Впрочем, звонил вовсе не субподрядчик, а Андрей Михайлович. Услышав знакомый голос, Бекешин быстро вспомнил, какое нынче число, и понял, что этого звонка следовало ожидать: настало время вплотную заняться всеми этими проводами, опорами и трансформаторами. В основном, конечно, проводами, поскольку спрос на цветные металлы падать пока не собирался, а где спрос, там, как известно, и предложение-Андрей Михайлович в свойственной ему дружеской и одновременно покровительственной манере осведомился, как Жорик провел отпуск, выразил надежду, что теперь тот полон сил и желания работать, и намекнул, что было бы недурно встретиться по интересующему их обоих делу. Георгий понял, что его мясо по-бургундски сегодня придется есть кому-то другому, и выразил свою готовность встретиться со старшим партнером в удобное для него время в любом названном им месте.

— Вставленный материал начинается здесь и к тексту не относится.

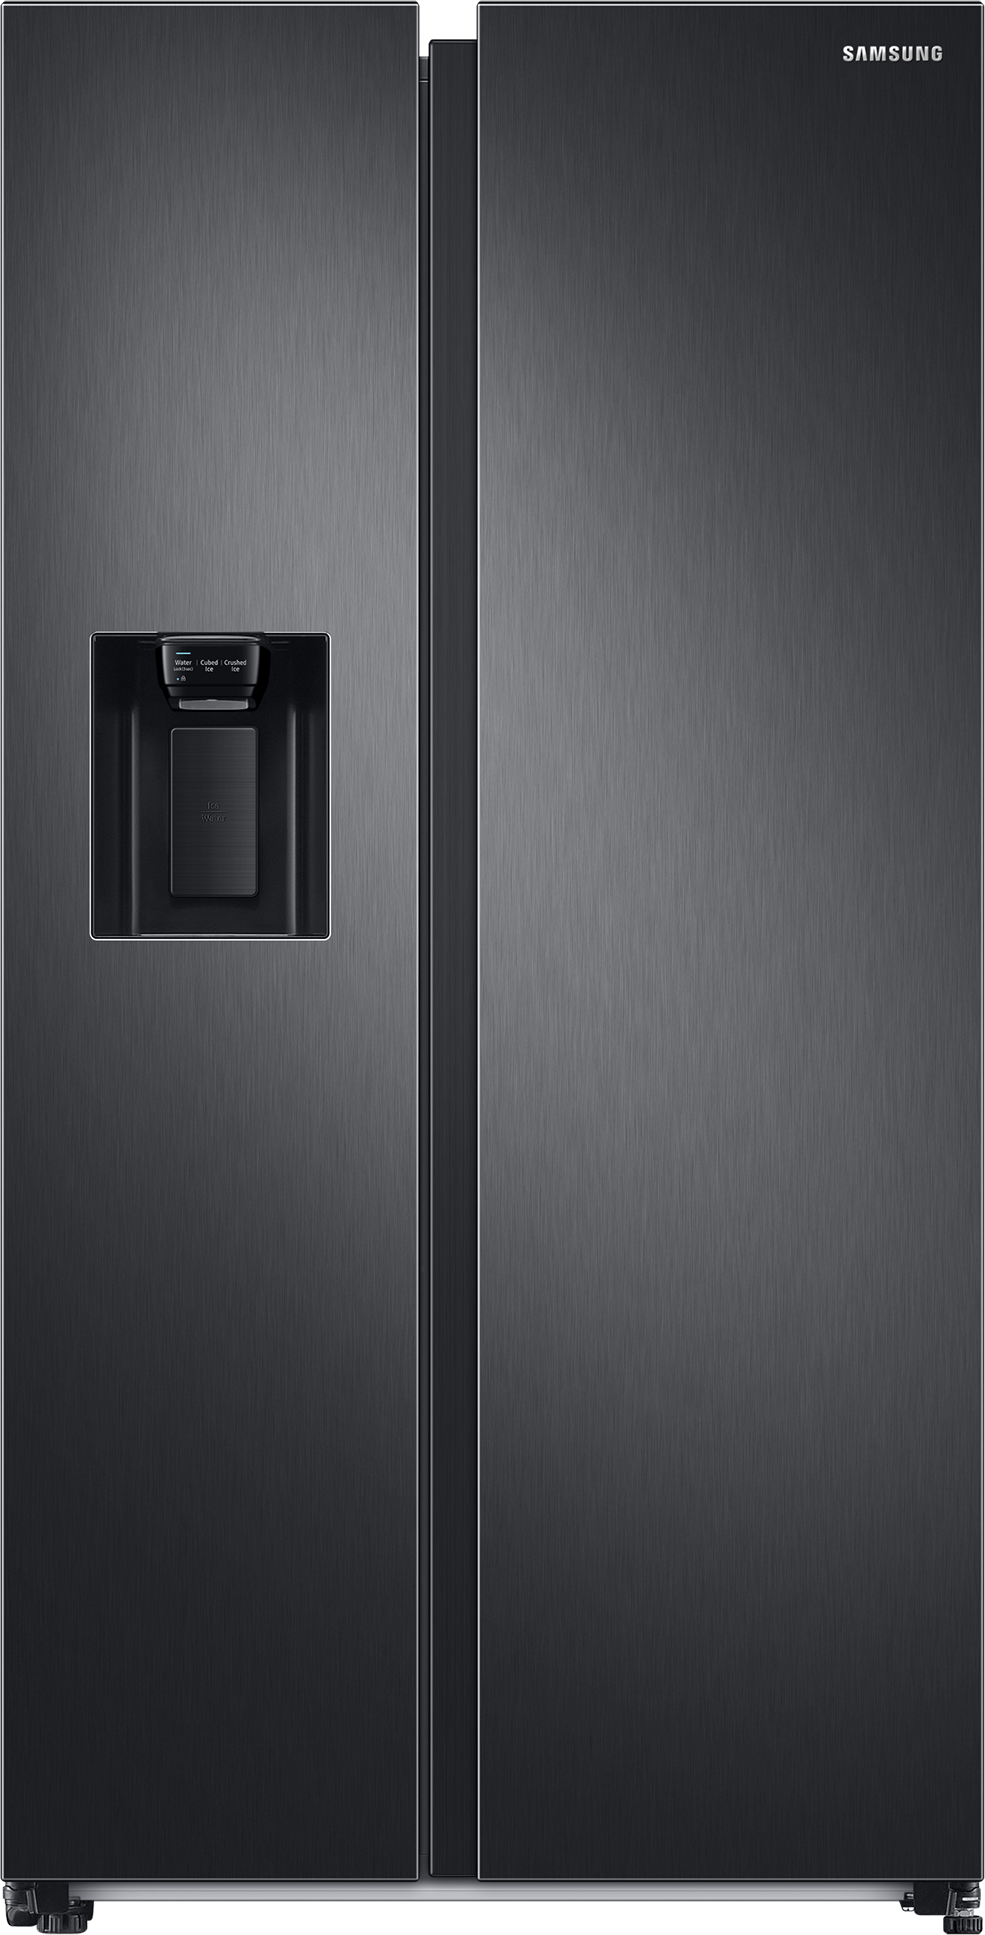 SAMSUNG RS68A8840B1 - Réfrigérateur américain

Встреча была назначена в ресторане гостиницы “Украина”. По мнению Бекешина, это была чертова дыра – слишком большая, слишком старая, многолюдная и напрочь лишенная не только шика, но и какого бы то ни было уюта. У Андрея Михайловича, однако, были свои понятия о красоте, уюте и шике, сформировавшиеся, судя по всему, еще в те времена, когда по берегам Москвы-реки прогуливались динозавры. Перевоспитывать его было уже поздно, а спорить, во-первых, не совсем удобно, а во-вторых, попросту лень. В конце концов, встретятся они вовсе не для того, чтобы слиться в гастрономическом экстазе…
Разумеется, припарковаться возле “Украины” оказалось практически невозможно. “Трах-тарарах, – бормотал Бекешин, высматривая свободный пятачок асфальта в сплошном ряду стоявших у обочины машин, – сколько в этом городе бездомных и голодающих!"

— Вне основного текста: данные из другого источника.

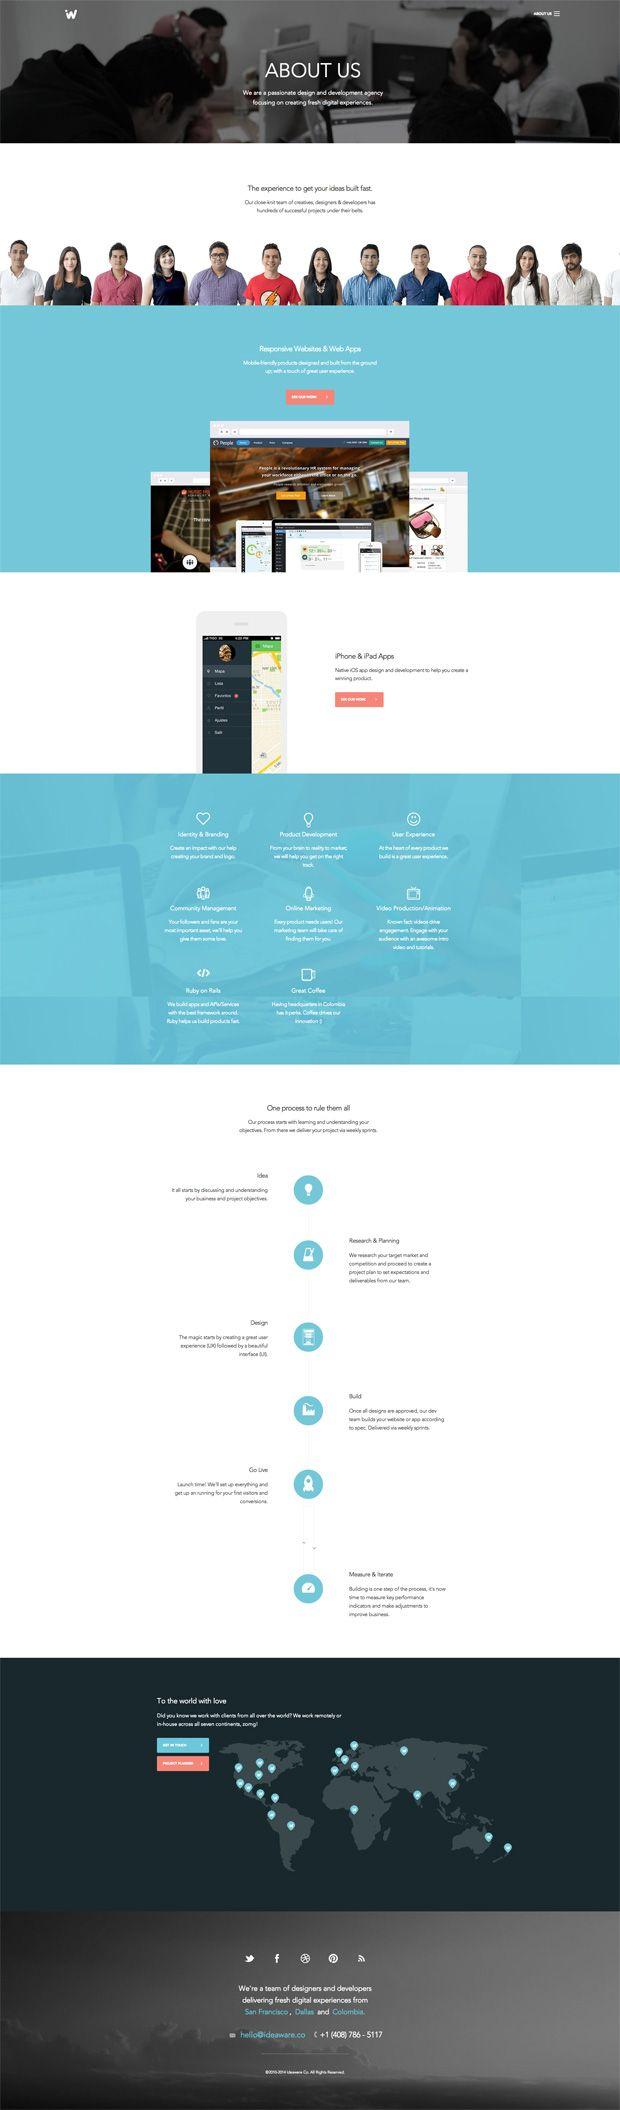 13 best Asimov Brand images on Pinterest | Design web, Design ...

Он увидел плоский черный багажник, далеко выступавший из ряда припаркованных машин, и узнал его с первого взгляда. Перед гостиницей стоял правительственный “ЗИЛ” образца середины восьмидесятых. Смотреть на номерной знак не было нужды: в Москве осталось не так уж много этих древних монстров, и на одном из них ездил Андрей Михайлович. Бекешин по этому поводу не раз думал, что старик купил эту машину неспроста: в свое время он, по всей видимости, просто не успел дослужиться до персонального лимузина и вот теперь наверстывал упущенное, причем приобрел не какой-нибудь “кадиллак” или “крайслер”, а именно “ЗИЛ”, по которому сох всю свою сознательную жизнь…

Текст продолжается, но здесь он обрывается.